Posts: 484 | Location: Maryland | Registered: January 23, 2007
Originally posted by Ron Gusack: I rotate to tdc on the balancer and it will almost always hold, but I've verified that the balancer is right. I've done lots where it wouldn't hold and it pushes to bdc and I'd all 8 there. I don't know that there's much of a difference between top and bottom, but I was told that checking at the top was the only way to correctly test. I watched Jenkins leak an engine at the track and they held the crank with a bar. BTW, it leaked 4% and they changed engines. 4 was as good as I could get back in the late 70's, but after seeing that 4 was junk, I got it down to 2.
Ron, it's funny. I have leaked a new engine and had 2-3% across the board. Leaked it later and had 20% on a couple and less but not great on the others. Running Methanol is probably why but the engine ran the same at 20 as it did at 2. I have always gas ported my pistons though so that probably has a lot to do with it. It wasn't leaking through the valves though.
Posts: 3490 | Location: KIEFER, OK. | Registered: August 17, 2007
Lots of good advice here. If its leaking down you will find it. You should also able to determine where its leaking down. Had a valve seat erode away on my BBC few season ago. Could hear it really well in the intake. And also when cranking it over - which is why I started looking.
Had about 40percent leak down vs other cylinders. Thought wow I really didn't see much impact on performance. I had it fixed and car ran exactly the same.
Point I am trying to make is even it is leaking down a bunch it likely may not effect performance much if at all. You are testing in a static state with constant pressure. When the piston is moving its split second compression and pressure.
If its running good and repeating well - I would not put much stock in the leak down results.
Posts: 1589 | Location: St Marys | Registered: January 12, 2004
^^^^^^ I’m agreeing with this. Looking at 7 yrs of log books says it runs as fast now as it did in 2021 when I switched it from MFI to EFI. Thanks for everyones advice.

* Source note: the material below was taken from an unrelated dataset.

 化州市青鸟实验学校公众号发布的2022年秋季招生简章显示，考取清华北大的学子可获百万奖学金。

Posts: 3018 | Location: 53056 | Registered: December 30, 2009
I tagged an exhaust valve in the burnout at the bracket finals, heard it hit, (ting) and could hear it at idle, staged up expecting to be at least a tenth off, and went dead on. Raced it 3 more rounds that way.

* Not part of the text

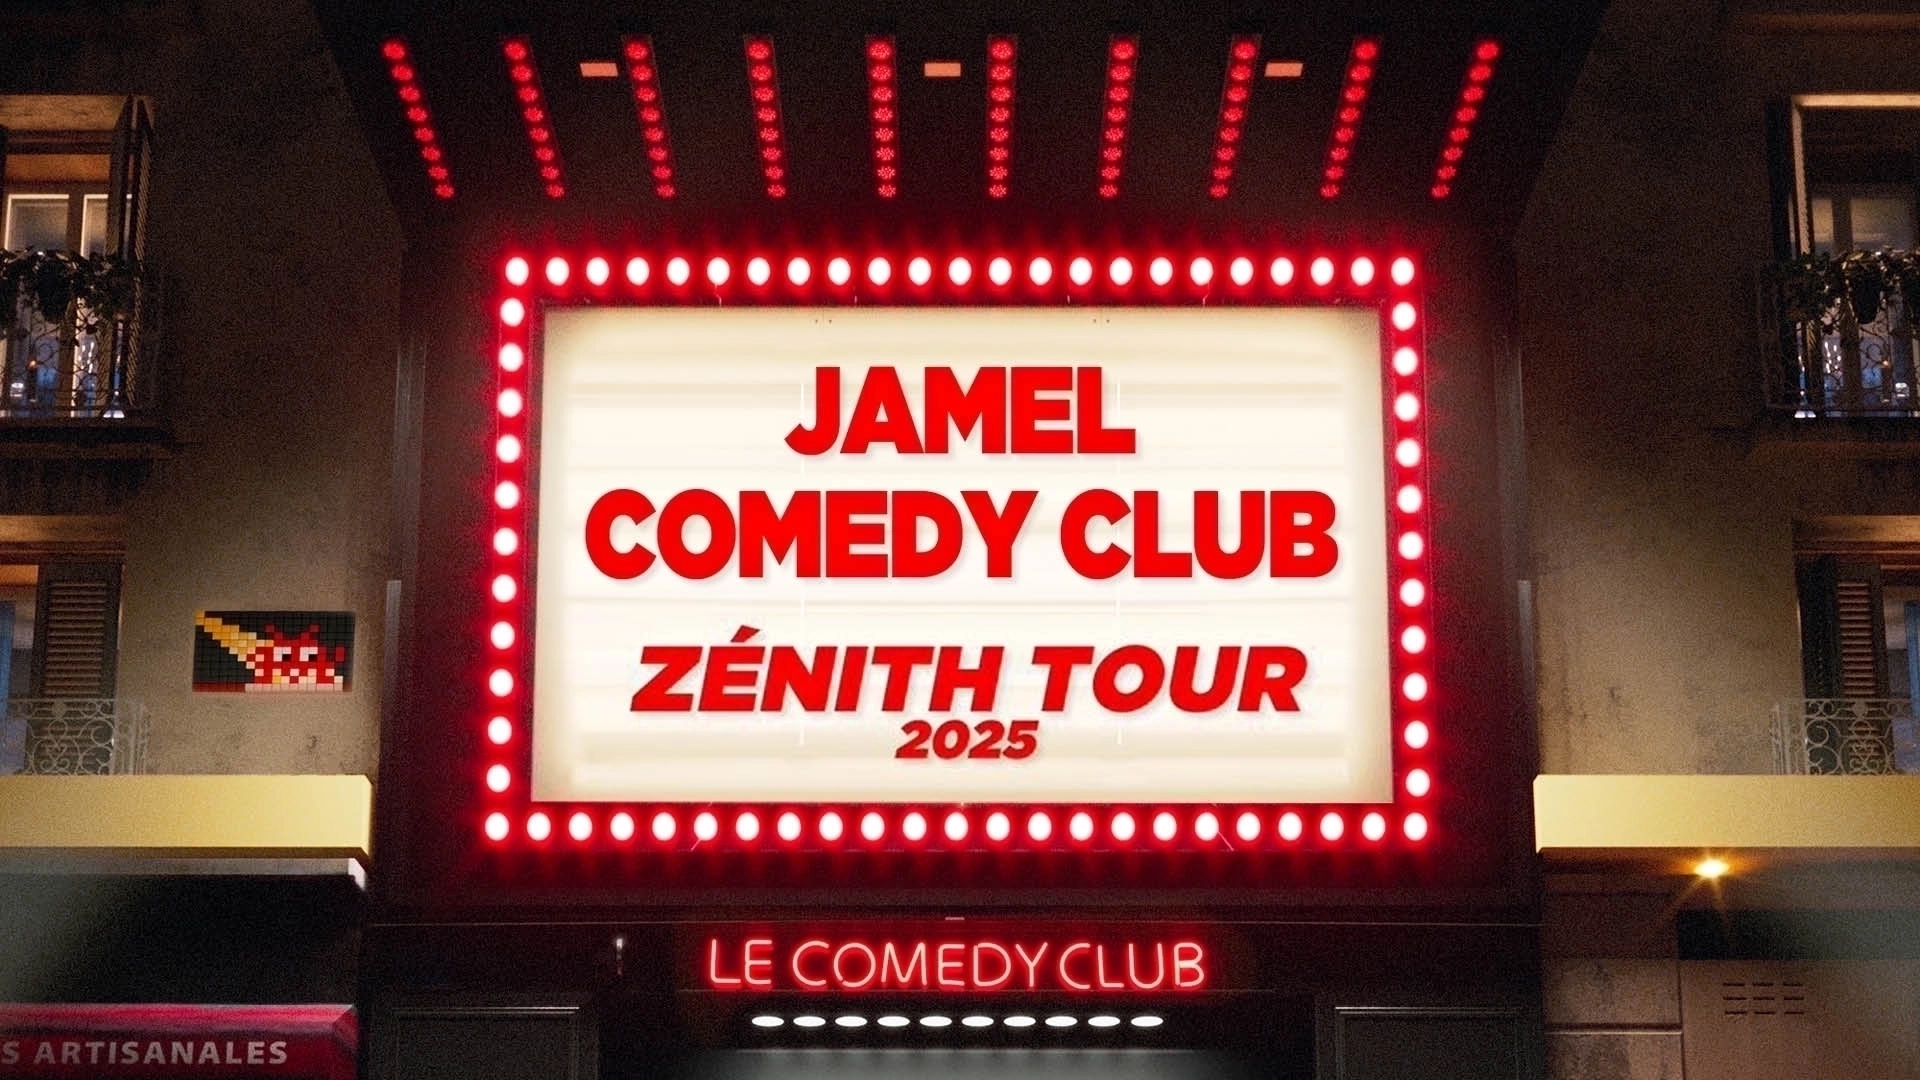 Jamel Comedy Club Zenith Tour 2025 en Palais des Sports - Dome de Paris Tickets

Note: replaced the bent valve and ran those heads another couple of seasons, when that valve seat shattered, causing a nasty failure.

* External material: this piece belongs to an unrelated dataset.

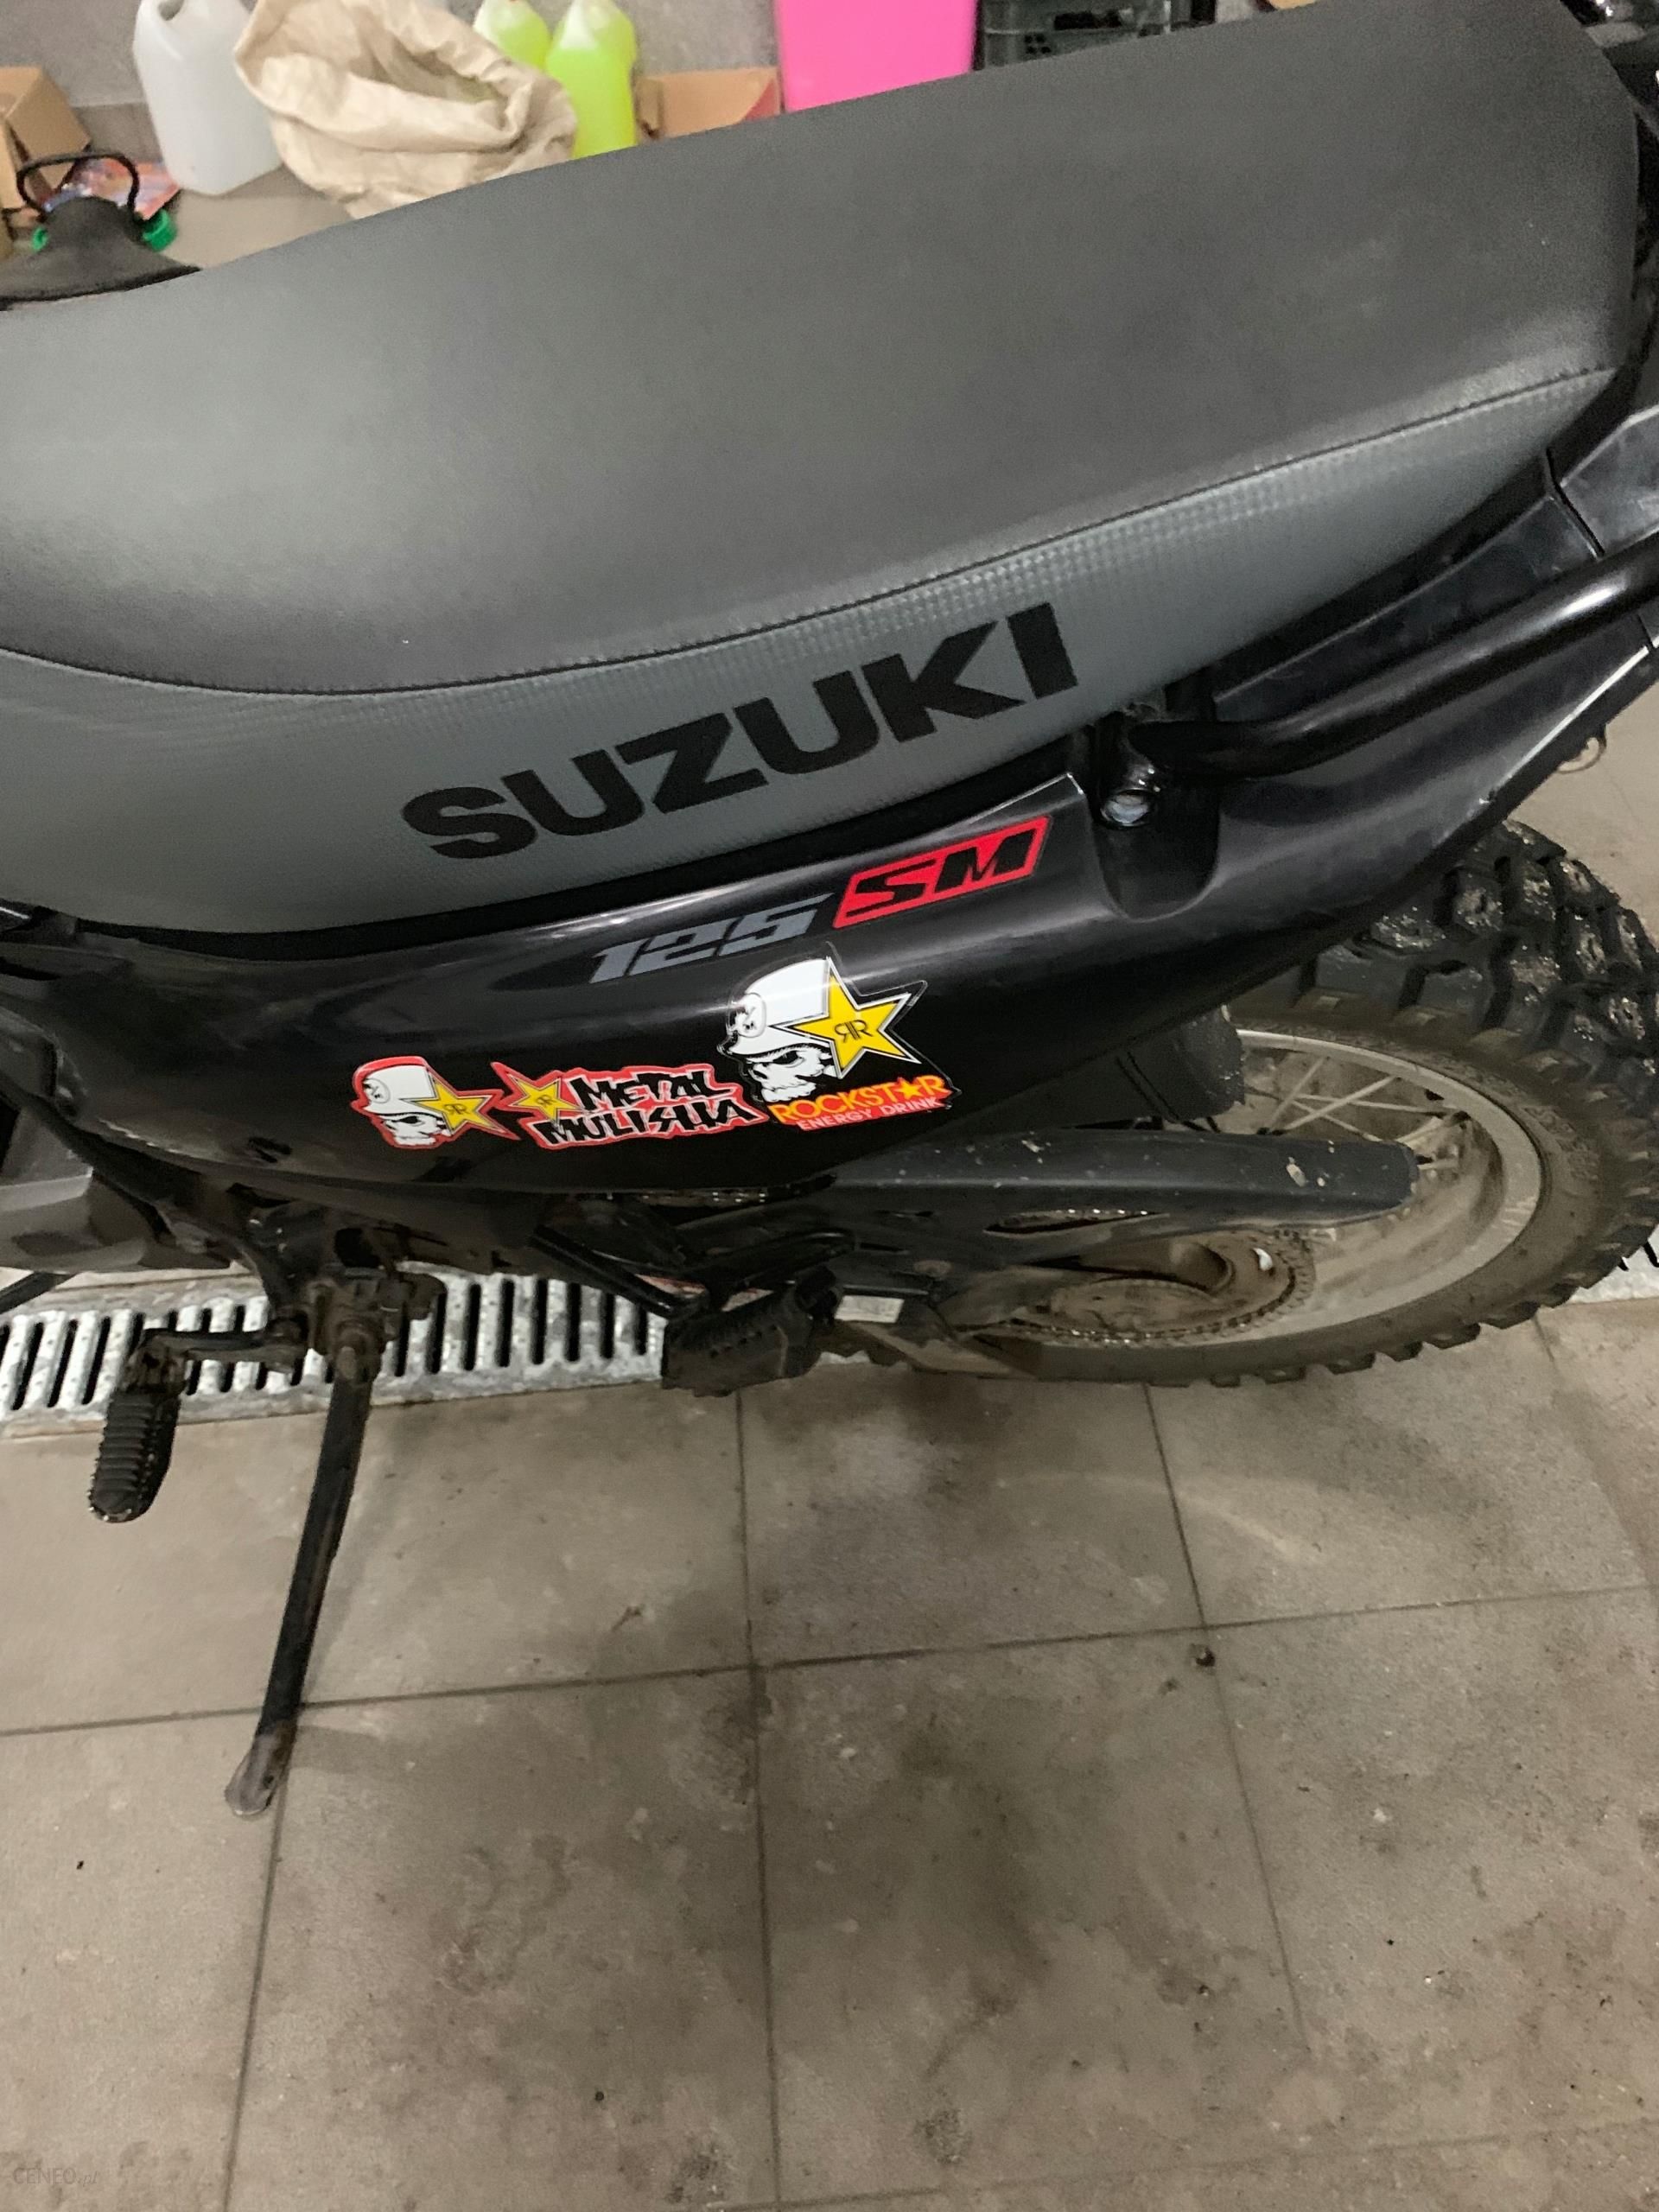 Suzuki Dr 125 Sm - Opinie I Ceny Na Ceneo.pl

"Despite the high cost of living, it remains popular." Dave Cook N375
Posts: 2064 | Location: Indy | Registered: November 21, 2008
simplet way. Pull pushrods throw the air to it It will spin to bdc?That will tell you if valves are good and halfass cherck on rings. Now if doing leak test to check ring seal leakage TDC is important and since no blower snout for ratchet. A brealer bar and buddy required. yes if perfect TDC it will sit still but least bi off and it is going to spin.
Have done few hundred leak downs with a=top alcohol cars. Some times with easy method and between rounds the hard way but with blower it is lot easier. About only thing easier.